INPUT DATA START

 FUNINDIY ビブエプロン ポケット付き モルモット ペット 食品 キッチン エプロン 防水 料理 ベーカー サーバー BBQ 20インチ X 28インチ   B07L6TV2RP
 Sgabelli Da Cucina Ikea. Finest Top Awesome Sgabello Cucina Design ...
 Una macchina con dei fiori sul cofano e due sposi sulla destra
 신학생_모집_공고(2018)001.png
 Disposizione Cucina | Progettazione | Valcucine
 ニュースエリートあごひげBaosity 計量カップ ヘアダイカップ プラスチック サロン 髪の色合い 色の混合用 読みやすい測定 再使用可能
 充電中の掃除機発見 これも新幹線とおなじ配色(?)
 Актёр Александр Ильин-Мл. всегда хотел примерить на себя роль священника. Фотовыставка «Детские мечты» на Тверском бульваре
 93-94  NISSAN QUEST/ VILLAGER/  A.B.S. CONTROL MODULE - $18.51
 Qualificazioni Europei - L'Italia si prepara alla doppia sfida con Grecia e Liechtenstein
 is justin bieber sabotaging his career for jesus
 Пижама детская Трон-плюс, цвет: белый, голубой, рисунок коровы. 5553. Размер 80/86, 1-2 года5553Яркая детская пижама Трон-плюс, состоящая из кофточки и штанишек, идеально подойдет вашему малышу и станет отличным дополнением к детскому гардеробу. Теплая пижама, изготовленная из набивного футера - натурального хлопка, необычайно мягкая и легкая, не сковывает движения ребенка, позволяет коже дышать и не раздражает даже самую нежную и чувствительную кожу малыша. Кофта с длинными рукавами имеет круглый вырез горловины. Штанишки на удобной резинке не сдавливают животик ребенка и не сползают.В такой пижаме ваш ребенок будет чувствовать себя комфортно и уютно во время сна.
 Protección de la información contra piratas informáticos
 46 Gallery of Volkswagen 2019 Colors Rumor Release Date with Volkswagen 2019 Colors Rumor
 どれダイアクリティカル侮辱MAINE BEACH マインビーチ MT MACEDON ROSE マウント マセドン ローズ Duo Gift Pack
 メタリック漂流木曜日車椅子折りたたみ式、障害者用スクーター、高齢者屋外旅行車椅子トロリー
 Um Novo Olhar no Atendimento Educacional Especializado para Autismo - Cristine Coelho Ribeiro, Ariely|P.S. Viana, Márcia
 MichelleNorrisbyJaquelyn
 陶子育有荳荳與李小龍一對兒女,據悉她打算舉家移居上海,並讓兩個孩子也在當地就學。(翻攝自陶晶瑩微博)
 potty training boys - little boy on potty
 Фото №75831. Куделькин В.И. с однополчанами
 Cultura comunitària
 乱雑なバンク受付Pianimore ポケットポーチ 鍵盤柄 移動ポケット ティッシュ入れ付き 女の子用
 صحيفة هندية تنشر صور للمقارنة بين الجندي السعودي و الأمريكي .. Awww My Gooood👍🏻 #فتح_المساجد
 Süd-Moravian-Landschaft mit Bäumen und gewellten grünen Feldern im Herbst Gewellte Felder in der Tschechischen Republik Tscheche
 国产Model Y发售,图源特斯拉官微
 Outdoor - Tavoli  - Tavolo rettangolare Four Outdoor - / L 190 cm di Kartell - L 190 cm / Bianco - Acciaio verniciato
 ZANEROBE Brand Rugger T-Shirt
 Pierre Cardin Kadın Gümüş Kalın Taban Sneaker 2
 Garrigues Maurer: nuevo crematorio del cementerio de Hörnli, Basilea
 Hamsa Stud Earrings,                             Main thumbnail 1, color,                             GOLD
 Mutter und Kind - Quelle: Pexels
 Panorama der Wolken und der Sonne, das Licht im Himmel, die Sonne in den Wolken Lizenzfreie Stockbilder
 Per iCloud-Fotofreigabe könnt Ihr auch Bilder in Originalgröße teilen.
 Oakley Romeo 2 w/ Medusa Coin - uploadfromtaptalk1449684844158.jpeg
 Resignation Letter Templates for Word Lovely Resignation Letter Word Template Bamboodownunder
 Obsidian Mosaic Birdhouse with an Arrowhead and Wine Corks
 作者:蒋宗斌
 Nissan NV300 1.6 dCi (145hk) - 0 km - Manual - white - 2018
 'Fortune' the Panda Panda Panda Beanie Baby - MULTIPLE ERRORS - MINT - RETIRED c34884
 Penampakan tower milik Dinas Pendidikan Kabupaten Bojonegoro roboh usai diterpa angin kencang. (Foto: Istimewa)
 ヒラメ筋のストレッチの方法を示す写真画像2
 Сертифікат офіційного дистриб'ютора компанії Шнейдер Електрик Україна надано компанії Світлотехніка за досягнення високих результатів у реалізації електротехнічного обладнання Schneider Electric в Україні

INPUT DATA END

* WORK REQUIRED *
Needed here are the exact lines from the start of the material through the line that contains "46 Gallery of", and no others.

* ANSWER SPACE *
 FUNINDIY ビブエプロン ポケット付き モルモット ペット 食品 キッチン エプロン 防水 料理 ベーカー サーバー BBQ 20インチ X 28インチ   B07L6TV2RP
 Sgabelli Da Cucina Ikea. Finest Top Awesome Sgabello Cucina Design ...
 Una macchina con dei fiori sul cofano e due sposi sulla destra
 신학생_모집_공고(2018)001.png
 Disposizione Cucina | Progettazione | Valcucine
 ニュースエリートあごひげBaosity 計量カップ ヘアダイカップ プラスチック サロン 髪の色合い 色の混合用 読みやすい測定 再使用可能
 充電中の掃除機発見 これも新幹線とおなじ配色(?)
 Актёр Александр Ильин-Мл. всегда хотел примерить на себя роль священника. Фотовыставка «Детские мечты» на Тверском бульваре
 93-94  NISSAN QUEST/ VILLAGER/  A.B.S. CONTROL MODULE - $18.51
 Qualificazioni Europei - L'Italia si prepara alla doppia sfida con Grecia e Liechtenstein
 is justin bieber sabotaging his career for jesus
 Пижама детская Трон-плюс, цвет: белый, голубой, рисунок коровы. 5553. Размер 80/86, 1-2 года5553Яркая детская пижама Трон-плюс, состоящая из кофточки и штанишек, идеально подойдет вашему малышу и станет отличным дополнением к детскому гардеробу. Теплая пижама, изготовленная из набивного футера - натурального хлопка, необычайно мягкая и легкая, не сковывает движения ребенка, позволяет коже дышать и не раздражает даже самую нежную и чувствительную кожу малыша. Кофта с длинными рукавами имеет круглый вырез горловины. Штанишки на удобной резинке не сдавливают животик ребенка и не сползают.В такой пижаме ваш ребенок будет чувствовать себя комфортно и уютно во время сна.
 Protección de la información contra piratas informáticos
 46 Gallery of Volkswagen 2019 Colors Rumor Release Date with Volkswagen 2019 Colors Rumor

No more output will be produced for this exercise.